On Feb 13, 2013, at 12:47 PM, Dmitry Pavlov <[email protected]> wrote:

> Hello,
> 
> I just figured that there is a thing in Racket coding style
> that bothers me from time to time. That thing have never arised
> in C-style languages.

Right: in C-style languages there's a special "dot" syntax for getting at the 
fields of a struct object.  If C++ allowed variable names to contain periods, 
you could get an analogous ambiguity:

class posn { int x; int y;
                      posn(int xval, int yval) : x(xval), y(yval) {}
                    };

posn here(3,4);

int here.x = 5;

printf ("%d", here.x); // is the correct answer 3, referring to a field of the 
"here" object, or 5, referring to the int variable named "here.x"?
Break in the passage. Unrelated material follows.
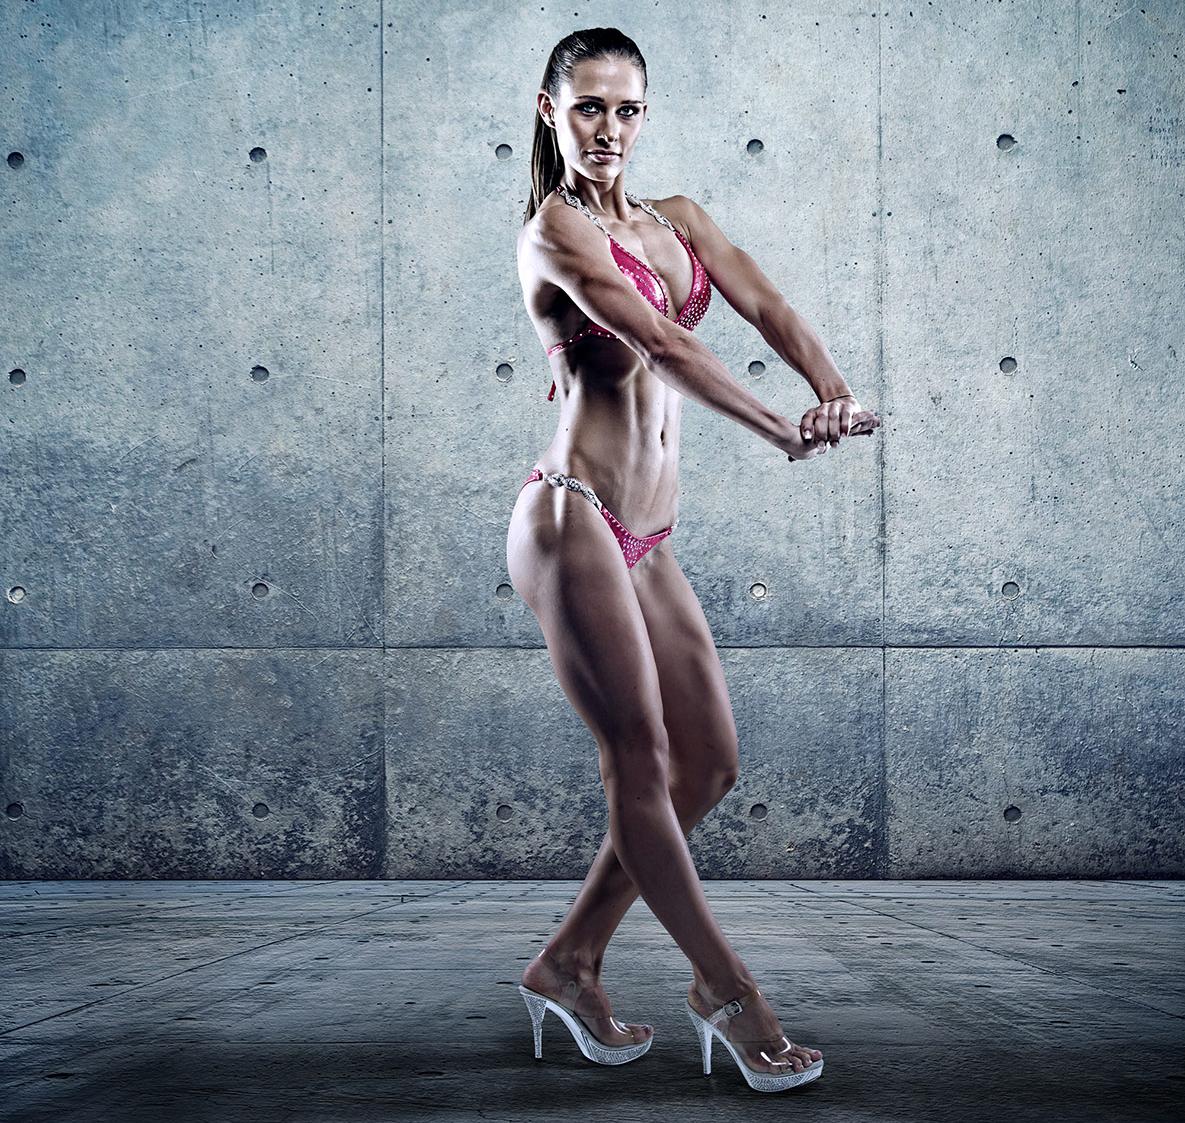 leilani-fitness-photography-gritty-concrete-brandon-barnard-professional-photographer.jpg

Which is why C-family languages don't allow periods to appear in a variable 
name.

> Say I want to have a "vehicle" struct. Also, I would like to keep
> its physical state in a separate structure. It seems natural
> to call it "vehicle-state". Also it seems natural to have a
> "state" member in the "vehicle" structure which refers to that
> separate structure. Here we go:
> 
> (struct vehicle-state
>  (position velocity))
> 
> (struct vehicle (state color model))
> 
> module: duplicate definition for identifier in: vehicle-state

Yes, that's the price you pay for the convenience of having getters defined 
automatically.  You can drop that convenience by using :omit-define-values or 
make-struct-type, but then you lose the convenience for ALL your fields.  Or 
you could do something like

(struct vehicle-state (position velocity) #:constructor-name make-vs)
(struct vehicle (state color model))

which avoids the conflict.

Or, as you suggest, you could just name structs and their fields so that no 
struct's name is another struct's name, a hyphen and one of the latter's fields.